Vingt ans. Le Rwanda est, depuis plusieurs semaines, plongé dans une commémoration douloureuse mais indispensable : celle du génocide qui d’avril à juillet 1994, a fait quelque 800.000 victimes, des Tutsis. Tout commence par une guerre civile opposant le gouvernement majoritairement Hutu au Front patriotique rwandais, tenu par les Tutsis. Outre l’anniversaire du terrible épisode, l’année 2014 marque aussi le temps du premier procès en France visant ce génocide ( lire l’article du Monde ici).
Un conflit ethnique et politique que le journaliste et désormais écrivain Jean Hatzfeld n’a cessé de décrire, d’essayer de comprendre. D’un côté comme de l’autre. Après trois ouvrages « Dans le nu de la vie », « Une saison de machettes » et « La stratégie des antilopes », cet auteur que vous pouvez retrouver à de nombreuses reprises sur ce blog, est de retour avec un nouveau récit court d’une centaine de pages, « Englebert des collines ».
Nouvel opus donc donc pour Jean Hatzfeld en suivant cette fois un rescapé Tutsi.
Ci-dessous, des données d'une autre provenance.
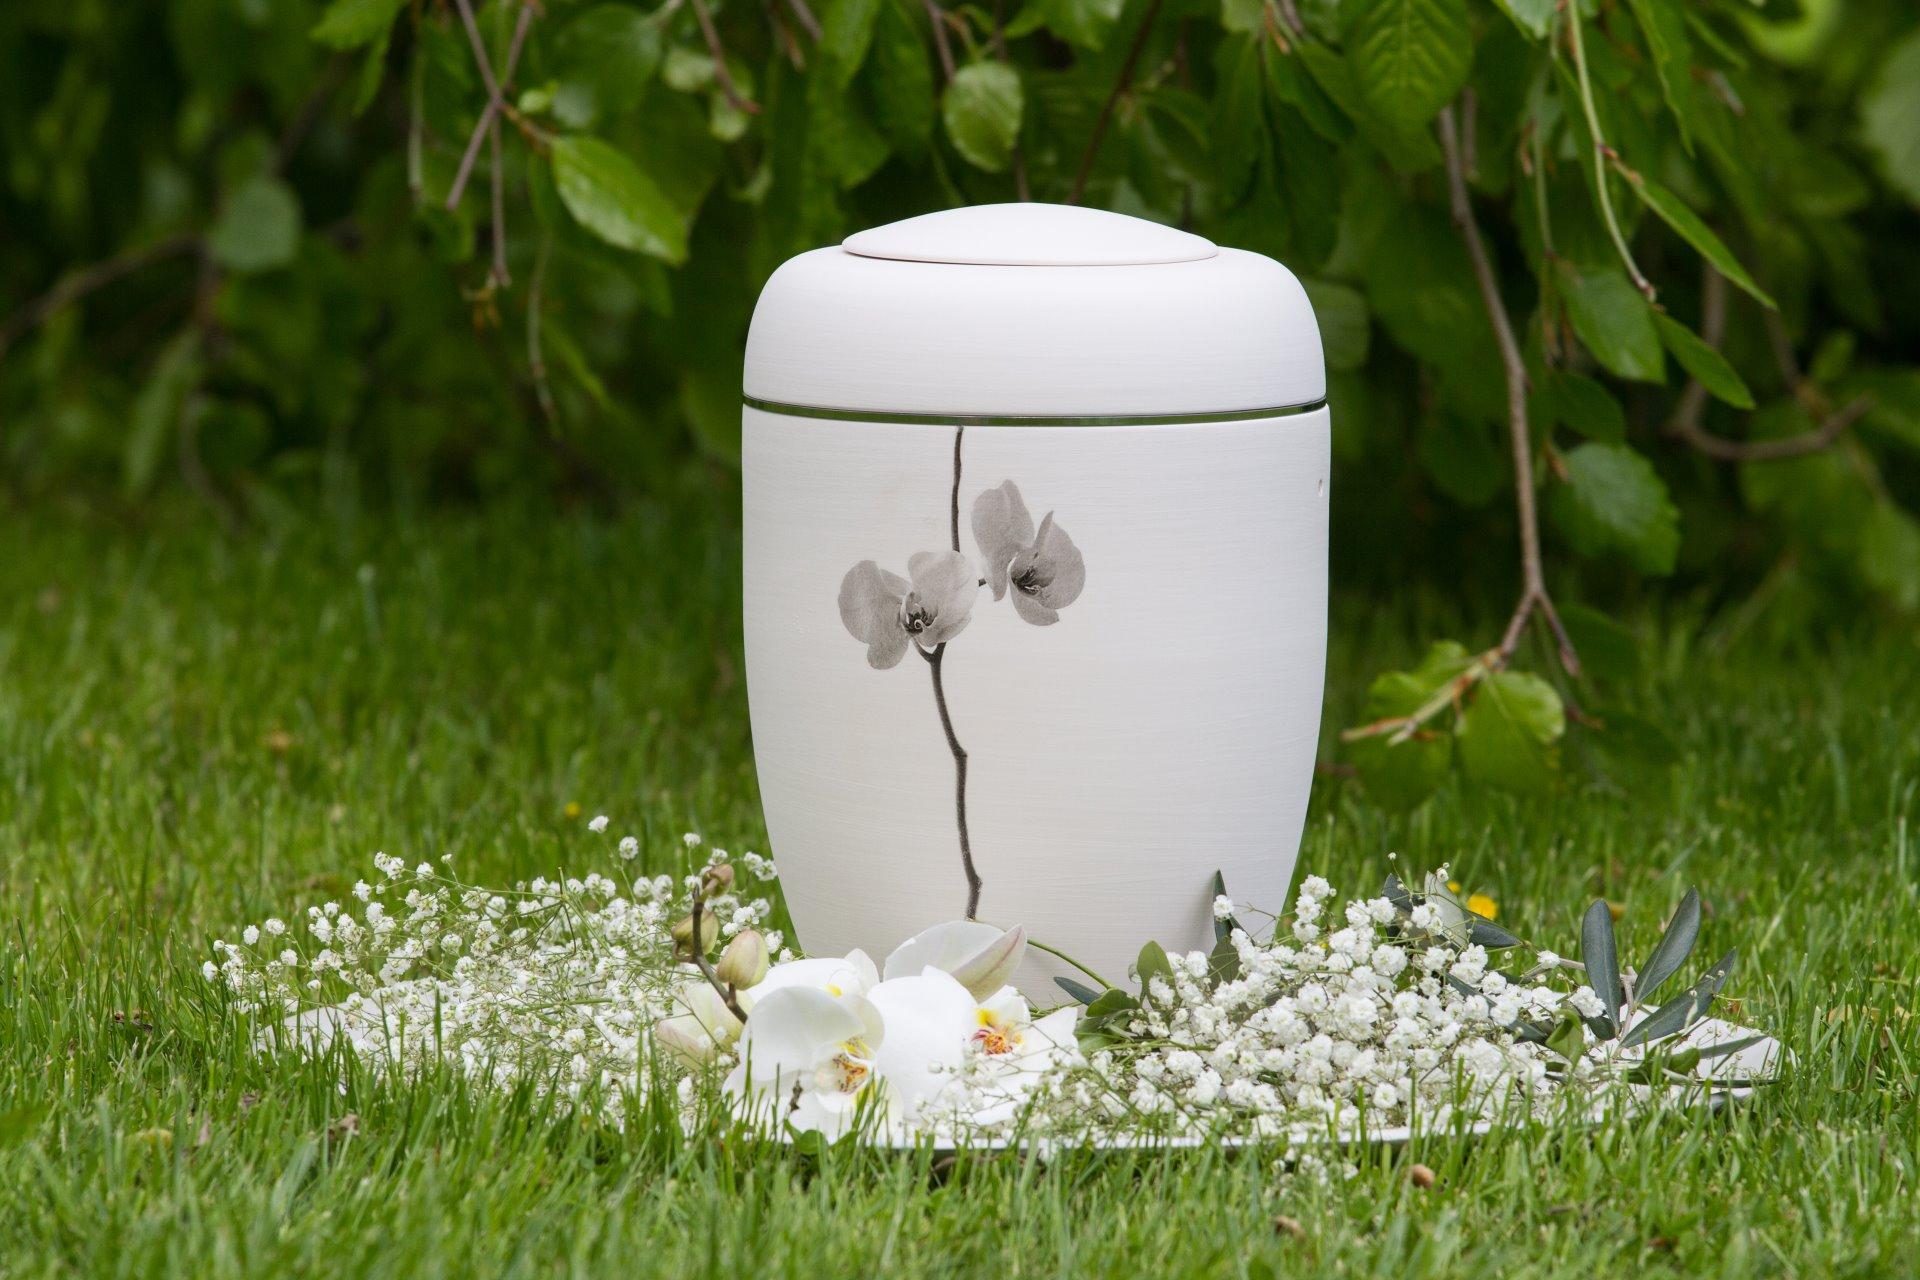 Wiese mit Blumenuntergrund und Urne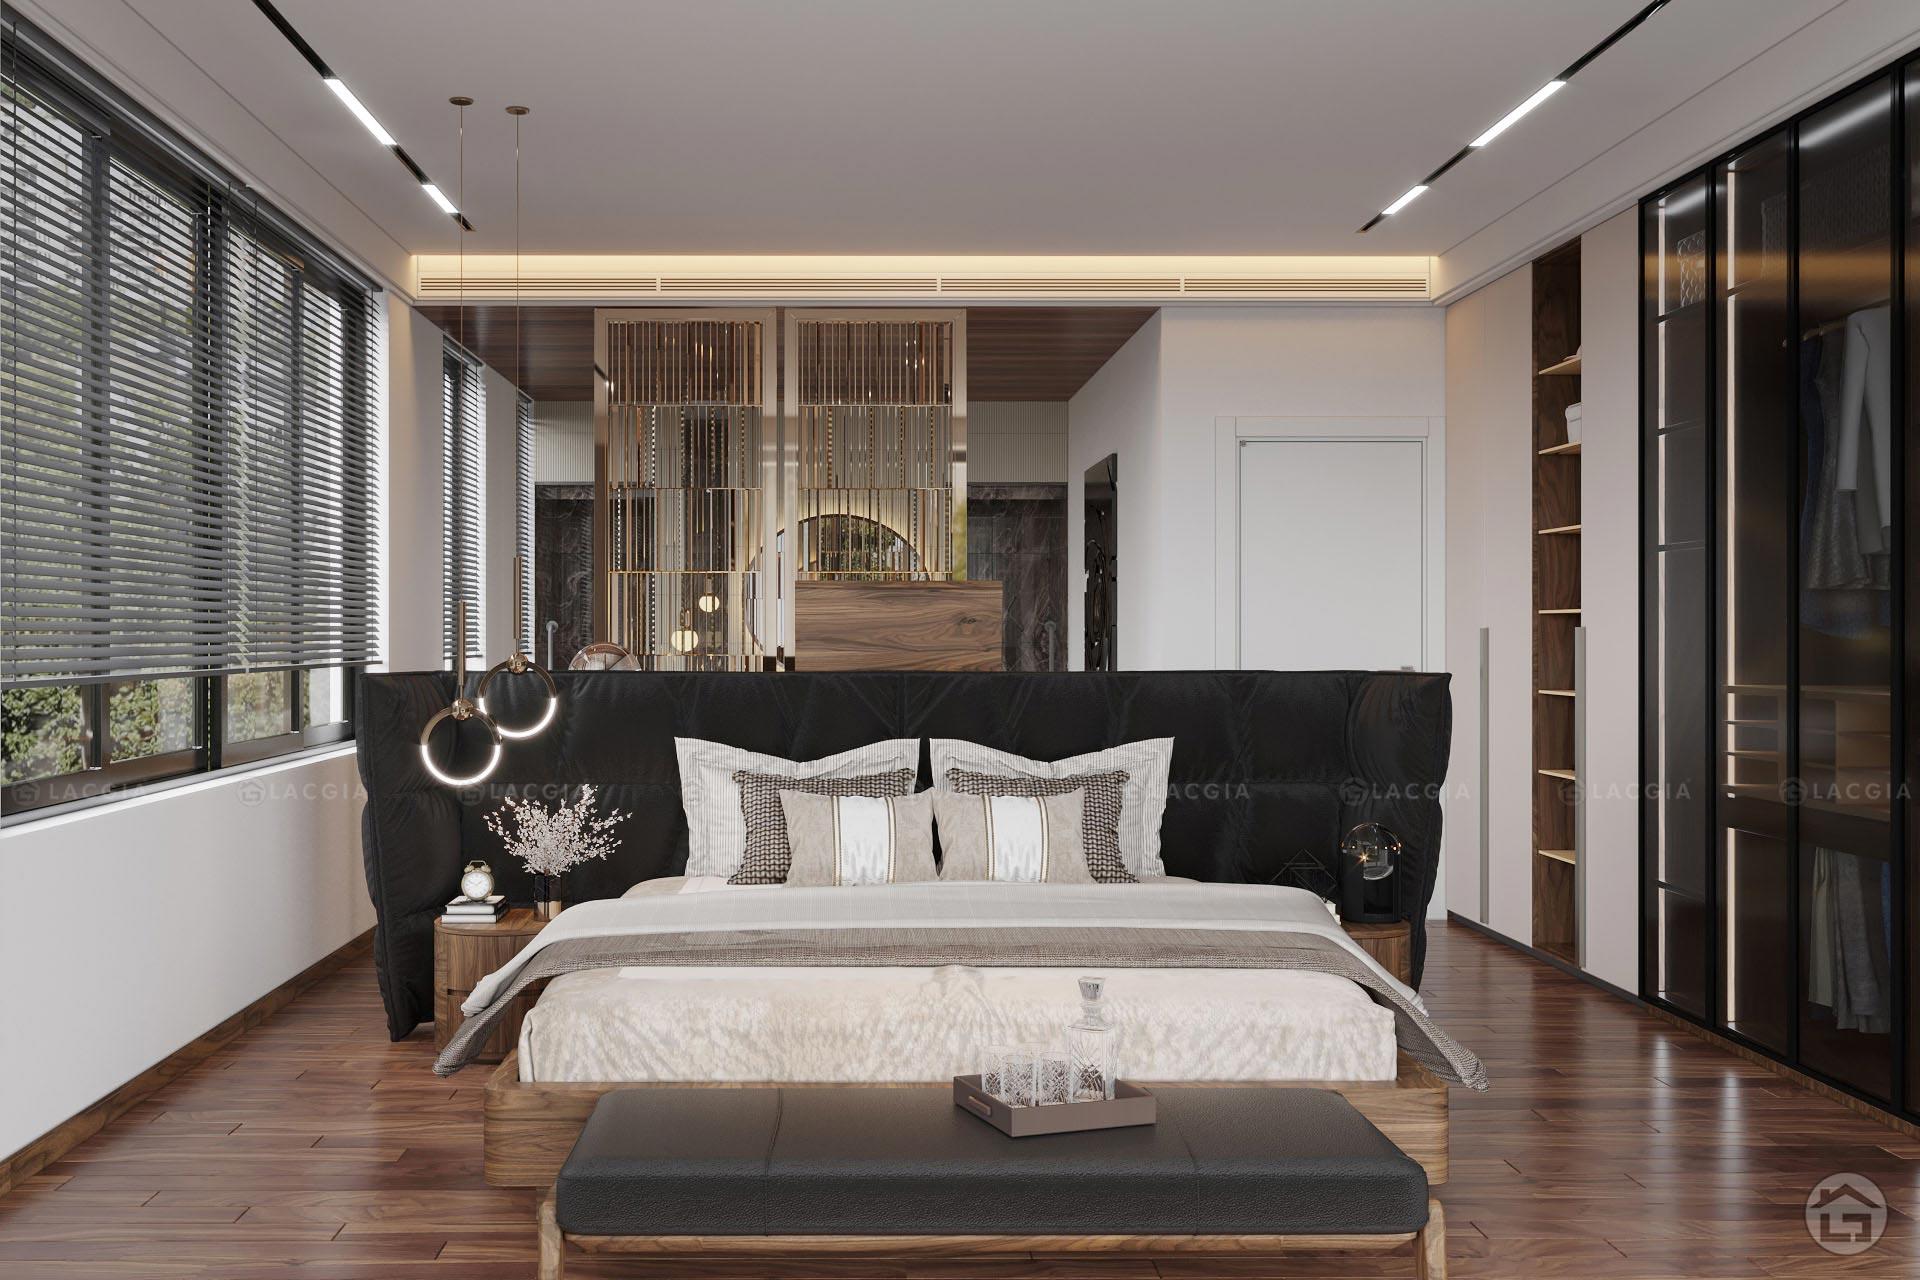 giuong ngu go tu nhien gn22 2 - Giường ngủ gỗ tự nhiên GN22

Un homme qui n’a pas envie de tourner la page. Qui ne veut pas reprendre sa vie d’avant. Englebert est un homme de 66 ans que Jean Hatzfled a rencontré il y a 15 ans à Nyamata, là où les massacres ont été les plus nombreux. L’homme, alcoolisé et en haillons, interpelle le journaliste français en évoquant l’Olympique de Marseille… puis les mots de Baudelaire. Assez pour éveiller la curiosité et faire naître une relation d’amitié entre les deux hommes aux destins si différents.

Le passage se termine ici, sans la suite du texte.